While searching for material on global environmental governance for my IPE class--I am the very model of a modern IPE instructor--I came across a very informative piece from Science Daily regarding recession and carbon emissions. The gist of it is as I mentioned above was nary a blip in LDCs' emissions, powered especially by major emerging economies:
The sharp decrease in global carbon dioxide emissions attributed to the worldwide financial crisis in 2009 quickly rebounded in 2010, according to research supported by the Carbon Dioxide Information Analysis Center at the Department of Energy's Oak Ridge National Laboratory. In 2010, emissions reached an all-time high of 9.1 billion tons of carbon, compared with 8.6 billion tons in 2009. The downturn was also followed by milestone carbon dioxide emissions from the developing world's emerging economies.
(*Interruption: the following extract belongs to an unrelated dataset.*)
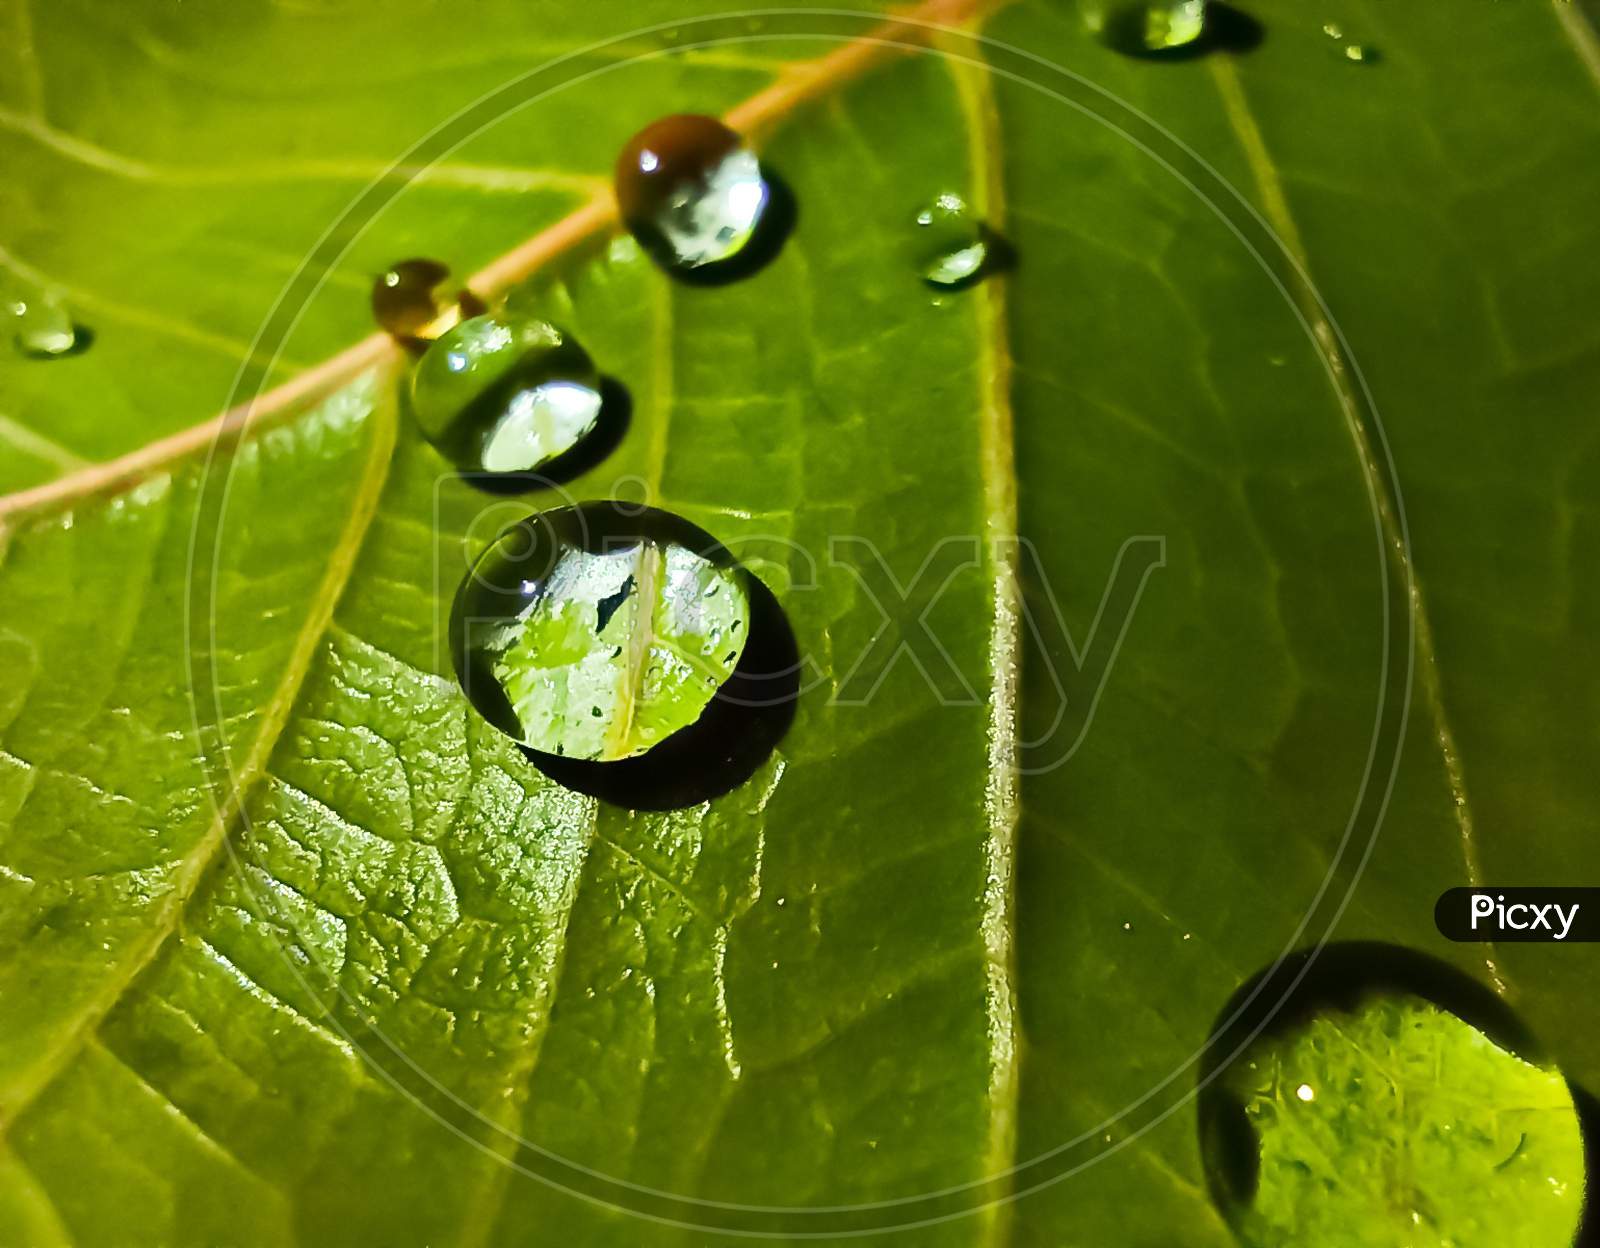 The water droplets

In developing countries, consumption-based emissions, or those emissions associated with the consumption of goods and services, increased 6.1 percent over 2009 and 2010.The news release further argues that the increasing energy intensity of the world economy (more energy inputs needed per GDP of output) accounts for this unpromising pattern. The accompanying graph tells the story. Note that it separates these emissions into production and consumption:
As a result, 2009 marked the first time that developing countries had higher consumption-based emissions than developed countries. "Previously, developed countries released more carbon dioxide, but that's no longer true due to emerging economies in developing countries, such as China and India," said Tom Boden of ORNL's CDIAC. "This trend will likely continue in the future based on current developments."
It puts me in a bind. While perhaps unfair to LDCs, the honest truth is that Mother Earth could not care less if these emissions emanate from rich or poor nations.
NOTE: The US Energy Information Administration has specific emissions figures for countries such as superpolluters China and the United States that mirror the findings above. Indeed, the current slowdown in manufacturing activity in China--five straight monthly declines--may bode better for the environment than the global financial crisis did.